I'd like the results to be presented like this:

ID	RX	RX_12MO	RX_TIME	RX_COND	EVENT
333	drugX	1	3	asthma	37
333	drugY	1	3	asthma	37

Any help would be very much appreciated!!

Thank you!

ballardw · Posted 03-03-2017 04:37 PM

This may get you started. I wouldn't want to go through too many additional variables though. I would seriously discuss this data layout with the source as the only thing I've seen this problematic before is the old Lotus 123 PRN file layout.

proc sql;
   create table work.want as
   select  a.id,c.rx,a.Rx_12_mo,b.Rx_time,d.rx_cond
   ,a.event 
   from 
      (select id, result_num as Rx_12_mo,event,Loop_index from work.example where index(variable,"rx_12mo")=1) as a
      left join
      (select id, result_num as Rx_time,Loop_index from work.example where index(variable,"rx_time")=1) as b
      on a.id=b.id and a.Loop_index=b.Loop_index
      left join 
      (select id, Result_char as Rx,Loop_index from work.example where variable='rx') as c
      on a.id=c.id and a.Loop_index=c.loop_index
      left join
      (select id, Result_char as Rx_Cond,Loop_index from work.example where index(variable,"rx_cond")=1) as d
      on a.id=d.id and a.Loop_index=d.Loop_index
   ;
quit;

View solution in original post

ballardw · Posted 03-03-2017 12:43 PM

You have RX_12MO_AA to RX_12MO_AE and similar for RX_time. How do we know which is associated with drugx or drugy? How do we get 1 for the value of the RX_12MO since there are 1 and 2 in the "result_num" values, and similar for 3 for RX_time since it appears we have a choice between 1,2,3; Rx_cond has choices as shown between asthma and allergies so how do we know that the result should be ashtma?

glcoolj12 · Posted 03-03-2017 12:50 PM

Hi ballardW,

My apologies I left out a column. The responses for RX: are linked through the loop_index.

ID	RX	RX_12MO	RX_TIME	RX_COND	EVENT	Loop_index
333	drugX	1	3	asthma	37	0
333	drugy	1	3	asthma	37	1

ballardw · Posted 03-03-2017 01:57 PM

Can you provide an example starting data set? Instructions here: https://communities.sas.com/t5/SAS-Communities-Library/How-to-create-a-data-step-version-of-your-dat... will show how to turn an existing SAS data set into data step code that can be pasted into a forum code box using the {i} icon or attached as text to show exactly what you have and that we can test code against.
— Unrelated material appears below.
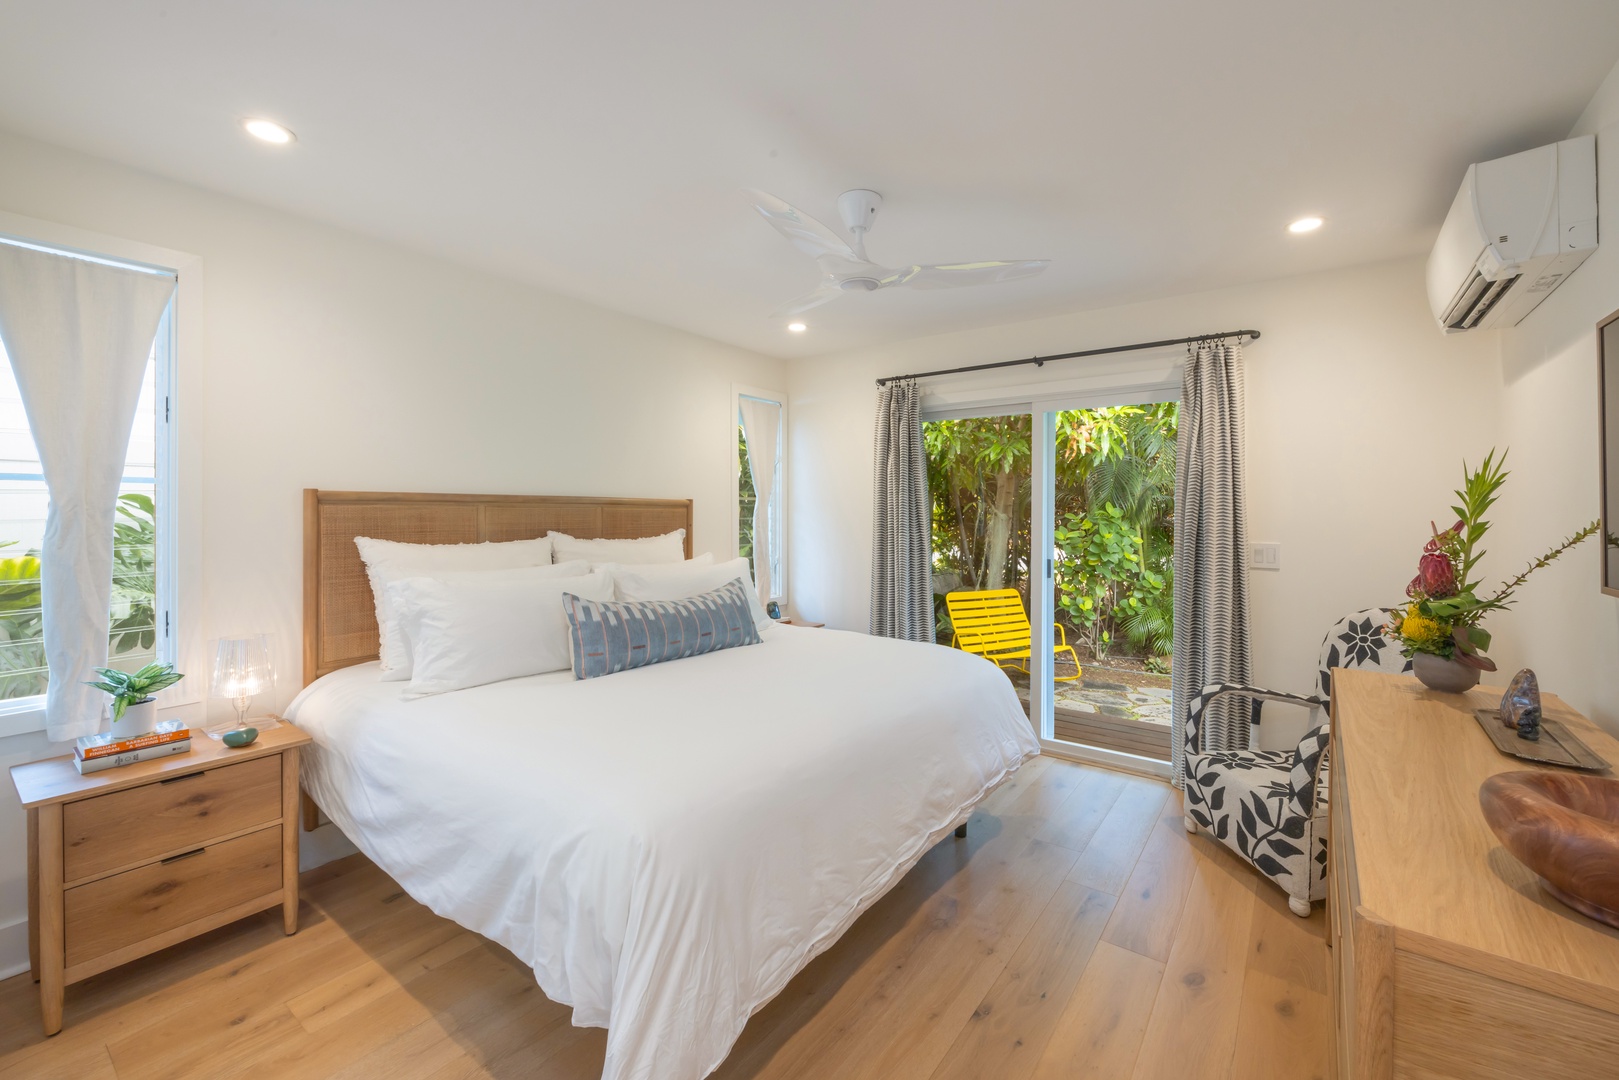 Kailua Vacation Rentals, Lanikai Ola Nani - Experience luxury in our primary suite, complete with a plush king bed and access to private seating area.

I get concerned about conversions as SAS normally doesn't use NULL and I'm not sure what type any of your variables start as even though they look numeric and whether the results are numeric or character.

Also, since one solution I have in mind could involve arrays what is the maximum number of "loop index" values for all of the IDs involved.

glcoolj12 · Posted 03-03-2017 03:19 PM

data WORK.EXAMPLE;
  infile datalines dsd truncover;
  input ID:BEST12. Variable:$10. Result_char:$9. Result_num:$4. Loop_item_ID:$5. Loop_index:BEST12. Event:BEST12.;
datalines4;
333,rx_12mo_aa,NULL,1,MED01,0,37
333,rx_12mo_ab,NULL,1,MED01,1,37
333,rx_12mo_ac,NULL,1,MED01,2,37
333,rx_12mo_ad,NULL,1,MED01,3,37
333,rx_12mo_ae,NULL,2,MED01,4,37
333,rx_time_aa,NULL,3,MED01,0,37
333,rx_time_ab,NULL,3,MED01,1,37
333,rx_time_ac,NULL,3,MED01,2,37
333,rx_time_ad,NULL,3,MED01,3,37
333,rx_time_ae,NULL,1,MED01,4,37
333,rx,drugX,NULL,MED01,0,37
333,rx,drugy,NULL,MED01,1,37
333,rx,drugX,NULL,MED01,2,37
333,rx,drugz,NULL,MED01,3,37
333,rx,drugX,NULL,MED01,4,37
333,rx_cond_aa,asthma,NULL,MED01,0,37
333,rx_cond_ab,asthma,NULL,MED01,1,37
333,rx_cond_ac,asthma,NULL,MED01,2,37
333,rx_cond_ad,allergies,NULL,MED01,3,37
333,rx_cond_ae,asthma,NULL,MED01,4,37
;;;;

The maximum number of Loop_index is six (values 0 to 5). The ID and Event are numeric variables - everything else is a character variable.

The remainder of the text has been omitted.